╔══

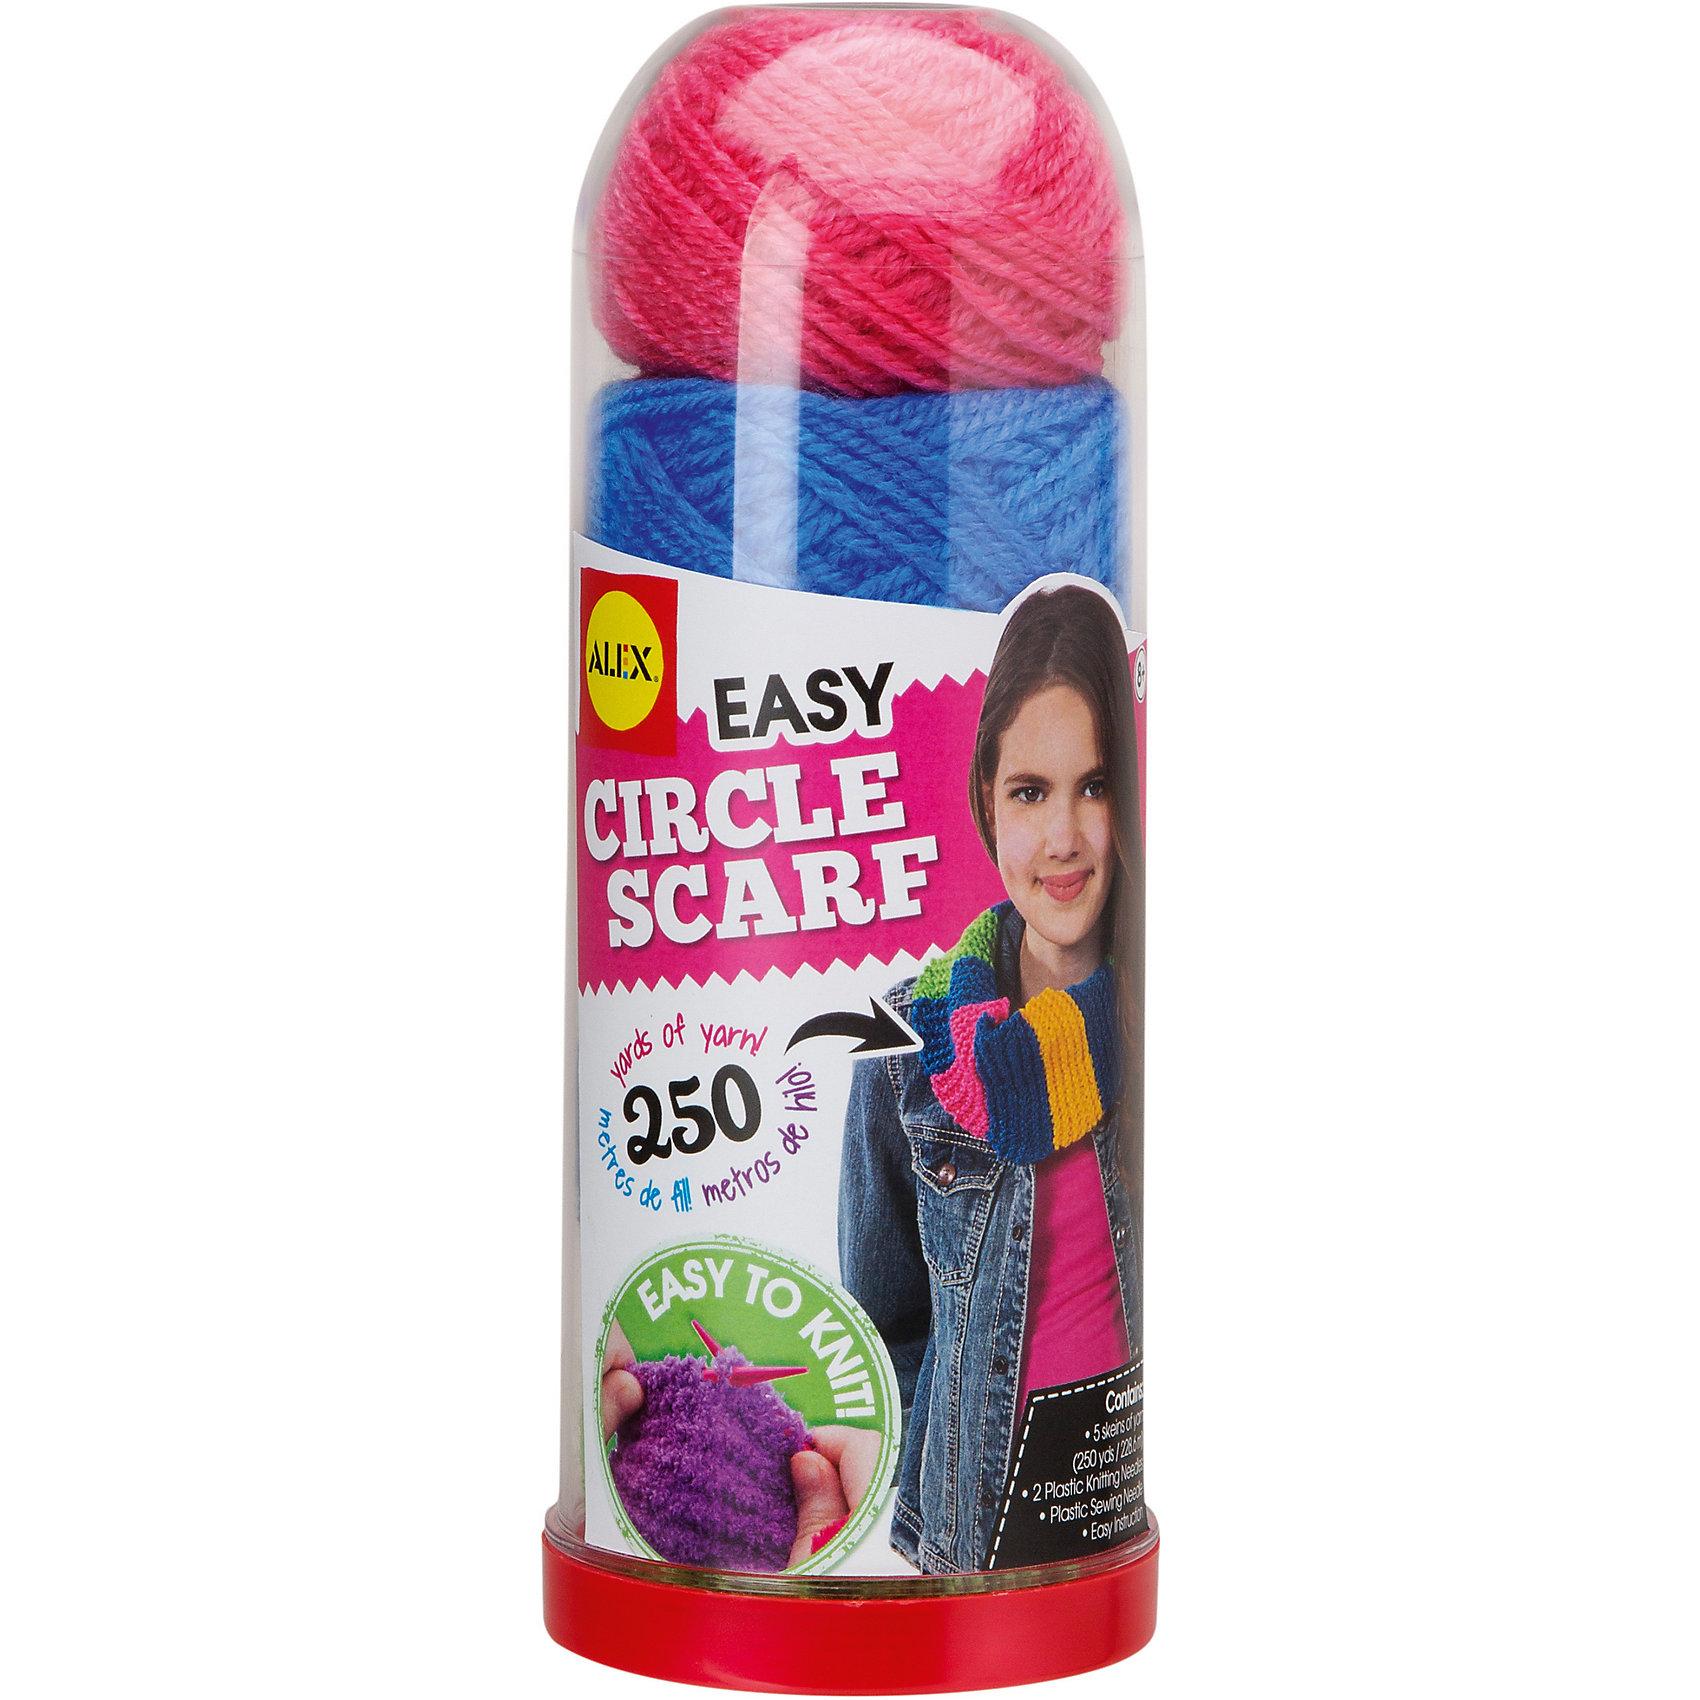 Набор для вязания спицами Круговой шарфРукоделие<br>Этот набор позволит вам связать стильный круговой шарф собственными руками. В наборе есть все необходимое для того, чтобы научиться вязать спицами и изготовить собственный модный аксессуар. Следуя подробной инструкции, вы сможете без труда связать свой первый снуд, который выгодно подчеркнет ваш образ или сможет стать прекрасным подарком на любой праздник. <br><br>Дополнительная информация:<br><br>- Материал: нитки, пластик.<br>- Комплектация: 5 клубков ниток ярких цветов (всего 228 м), пластиковые спицы, пластиковая я игла и инструкции.<br>- Упаковка: пластиковый футляр высотой 22 см.<br><br>Набор для вязания спицами Круговой шарф можно купить в нашем магазине.<br><br>Ширина мм: 8<br>Глубина мм: 8<br>Высота мм: 22<br>Вес г: 285<br>Возраст от месяцев: 96<br>Возраст до месяцев: 168<br>Пол: Женский<br>Возраст: Детский<br>SKU: 4347882
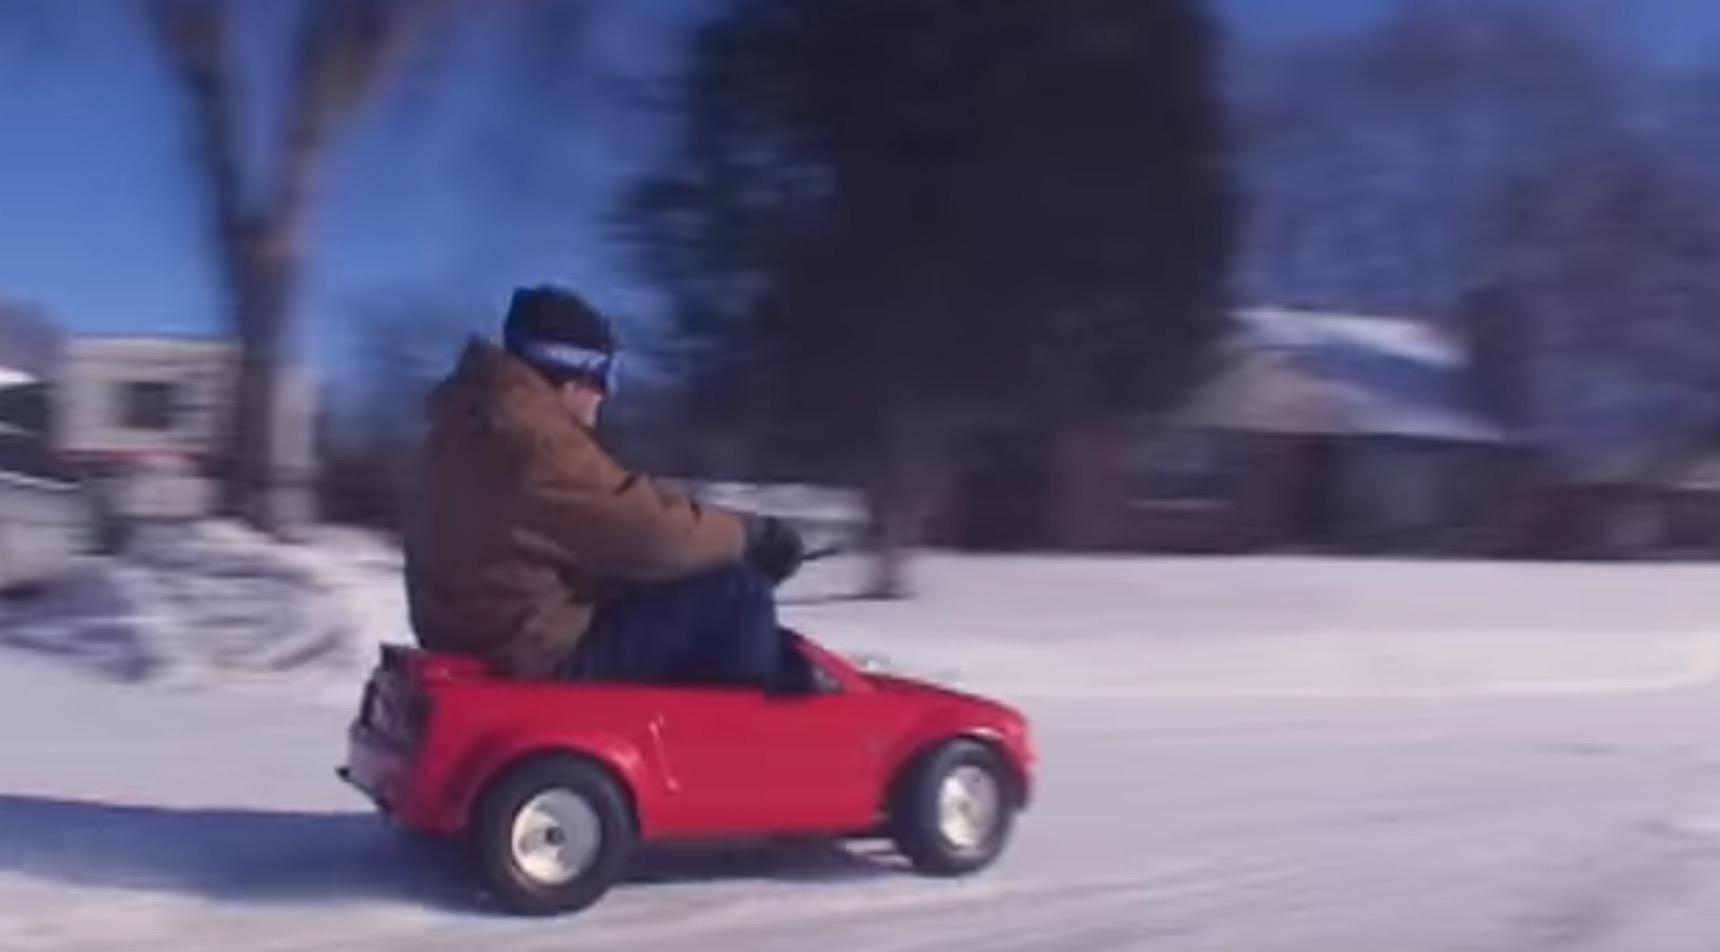 おもちゃの車にエンジン載せて雪上ドリフト!子供心を忘れない心意気がナイス!
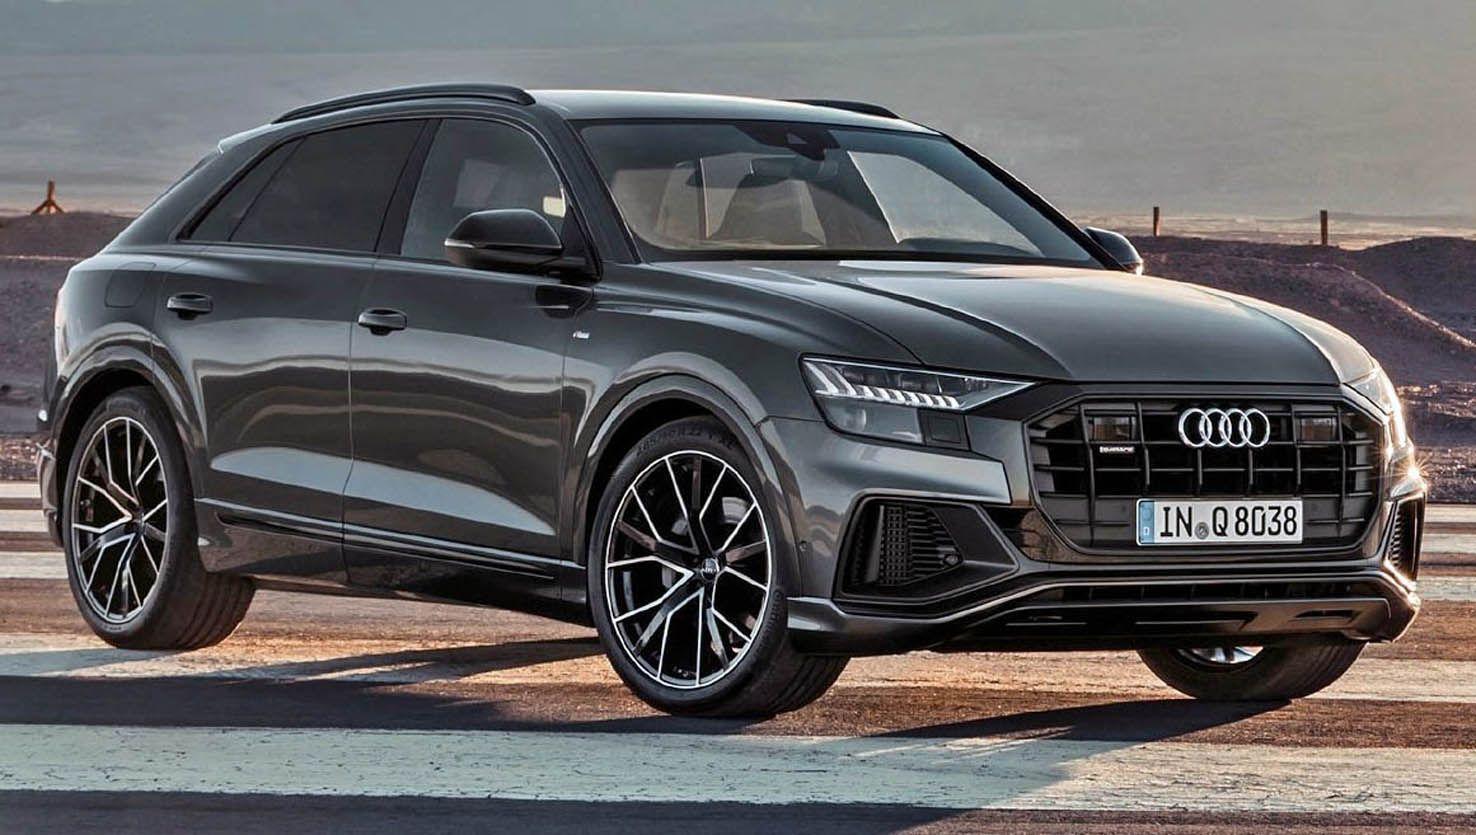 أودي كيو 8 الجديدة كليا 2019 عودة الكواترو الأصلية على شكل كروس أوفر فاخرة موقع ويلز Audi Car Lease Dream Cars
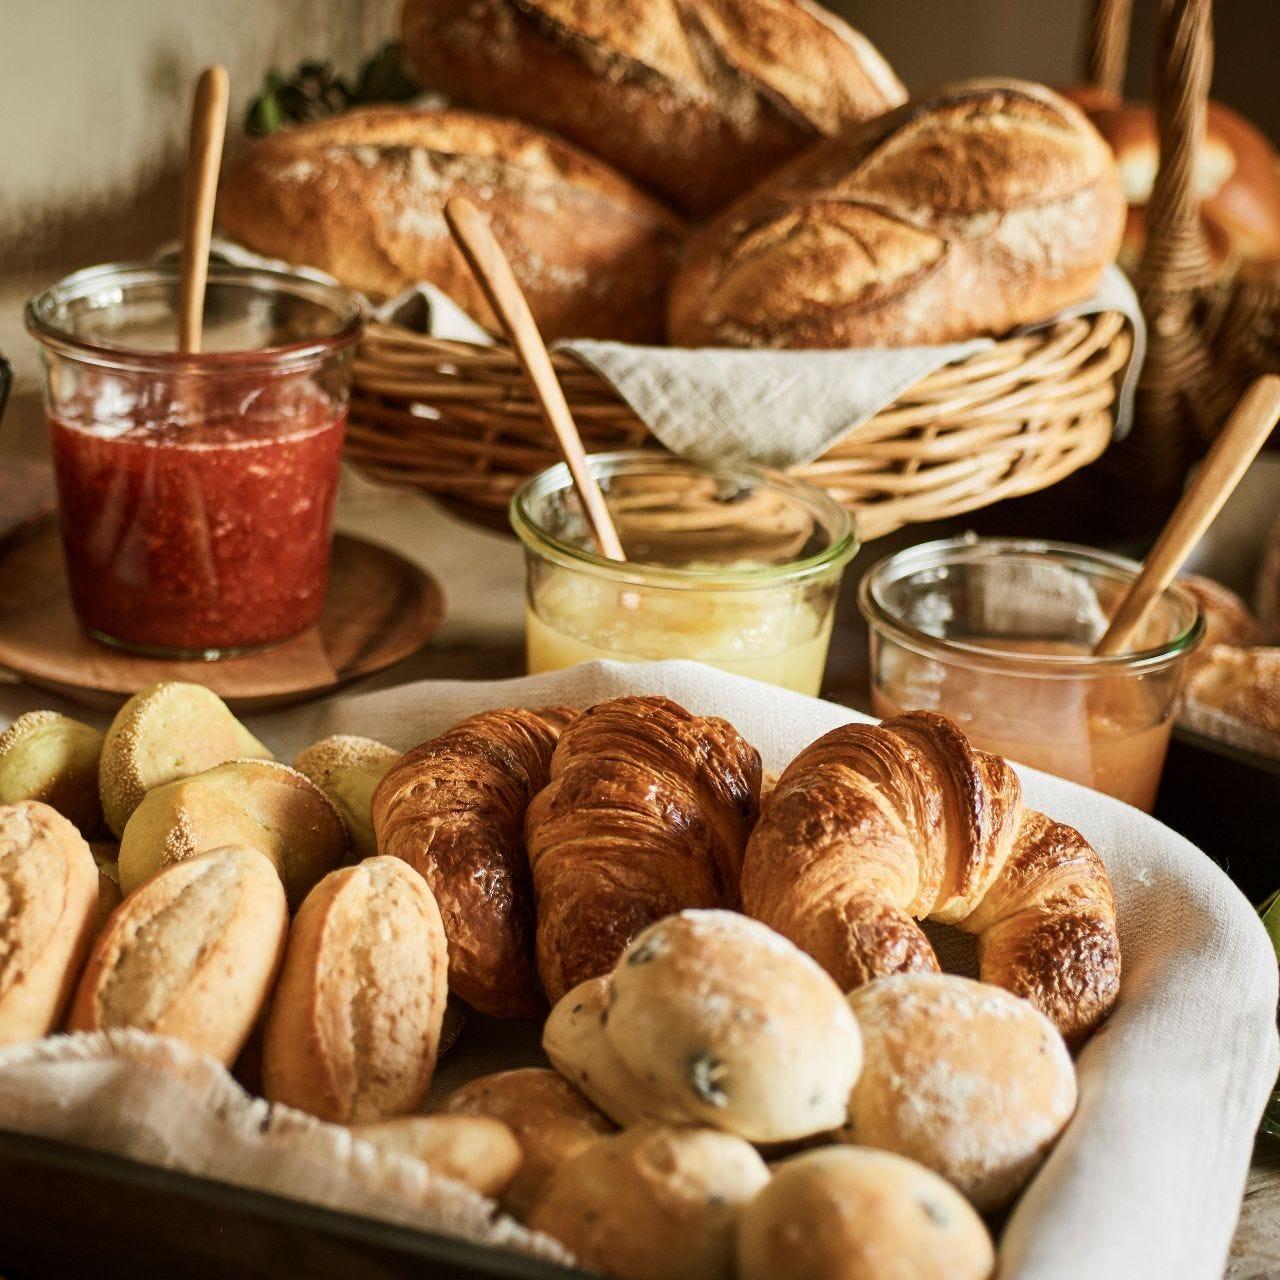 もちろんパンも手作り。ベーカリーでテイクアウトもできる

╚══

__What is needed__
Reproduce every line of the material above, but drop the pictures.

__Response to the exercise__
 Набор для вязания спицами Круговой шарфРукоделие<br>Этот набор позволит вам связать стильный круговой шарф собственными руками. В наборе есть все необходимое для того, чтобы научиться вязать спицами и изготовить собственный модный аксессуар. Следуя подробной инструкции, вы сможете без труда связать свой первый снуд, который выгодно подчеркнет ваш образ или сможет стать прекрасным подарком на любой праздник. <br><br>Дополнительная информация:<br><br>- Материал: нитки, пластик.<br>- Комплектация: 5 клубков ниток ярких цветов (всего 228 м), пластиковые спицы, пластиковая я игла и инструкции.<br>- Упаковка: пластиковый футляр высотой 22 см.<br><br>Набор для вязания спицами Круговой шарф можно купить в нашем магазине.<br><br>Ширина мм: 8<br>Глубина мм: 8<br>Высота мм: 22<br>Вес г: 285<br>Возраст от месяцев: 96<br>Возраст до месяцев: 168<br>Пол: Женский<br>Возраст: Детский<br>SKU: 4347882
 おもちゃの車にエンジン載せて雪上ドリフト!子供心を忘れない心意気がナイス!
 أودي كيو 8 الجديدة كليا 2019 عودة الكواترو الأصلية على شكل كروس أوفر فاخرة موقع ويلز Audi Car Lease Dream Cars
 もちろんパンも手作り。ベーカリーでテイクアウトもできる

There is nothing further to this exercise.